The U.S. and British central banks’ outlooks diverge from that of the European Central Bank, which cut all its interest rates earlier this month, while promising banks more liquidity. The Fed’s two-day meeting ends later on Wednesday and is followed by a news conference with Yellen.
“Markets have been on a hair trigger going into this FOMC meeting partly because of the recent changes of tone from the BoE and ECB. That will mean markets will be reading even more into every word Yellen says than before,” said Aberdeen Asset Management Investment Manager Luke Bartholomew.
“If the Fed is more hawkish then the message will be one of divergence from the ECB and the euro will suffer. If the Fed is neutral or dovish then markets will see them as diverging from the Bank of England and so sterling will benefit.”
The dollar index last stood at 80.613, having climbed 0.2 percent on Tuesday. Against the yen, the greenback reached a one-week high of 102.31, while the euro retreated from a one-week peak hit on Tuesday to trade flat at $1.3550.
U.S. consumer prices recorded their fastest rise in more than a year and it may give the Fed a reason to signal it could bring forward the date when it might consider hiking rates.
“We had this number yesterday and it’s probably too early to say if it’s a trend but certainly... it’s sign that pressures are starting to pick up a bit,” said Kenneth Broux, a strategist at Societe Generale.
The FTSEurofirst 300 index of top European shares was up 0.2 percent at 1391.10.
German 10-year Bund yields, the benchmark for euro zone borrowing costs, rose 1 basis point to 1.42 percent. The yield premium offered by U.S. Treasuries over Bunds was around its highest since 2005 at 125 bps, highlighting the diverging economic and monetary policy outlooks.
The ECB’s stance has kept yields on top-rated bonds depressed and pushed investors towards riskier assets aiming to maximise returns. Cyprus was on the verge of making the fastest comeback to markets of any bailed-out euro zone country with a new five-year bond on Wednesday.

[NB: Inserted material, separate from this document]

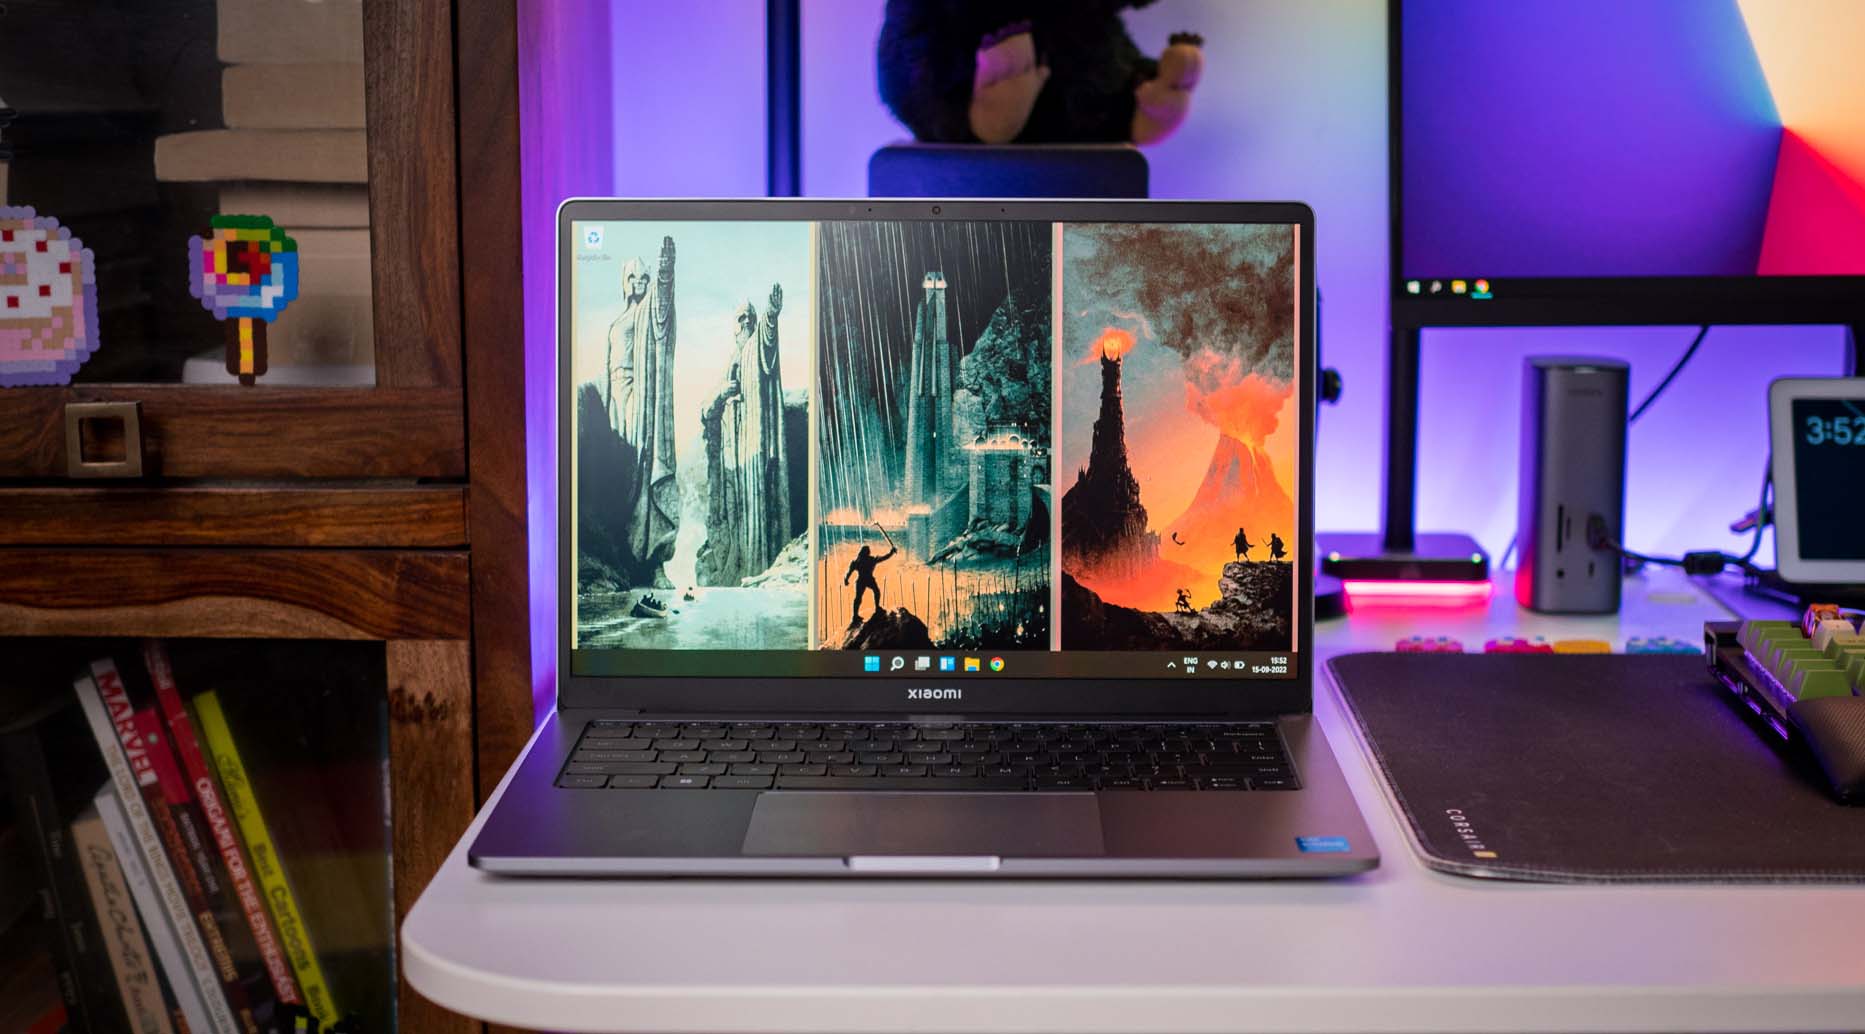 Xiaomi NoteBook Pro 120G, NoteBook Pro 120 launched in India

The looming Fed meeting sent ripples all over the world, with emerging market currencies falling on concerns that higher U.S. yields would make investments in these countries less attractive and potentially hinder their growth prospects.
The Indonesian rupiah hit a four-month low, while Thailand’s baht, the Malaysian ringgit and the Philipine peso also fell. Emerging Europe’s currencies also held close to multi-month lows to the dollar.
In other markets, Brent crude held above $113 per barrel as heavy fighting in Iraq shut the country’s biggest refinery and led to the withdrawal of staff from foreign oil firms. (Reporting by Marius Zaharia; Editing by Toby Chopra)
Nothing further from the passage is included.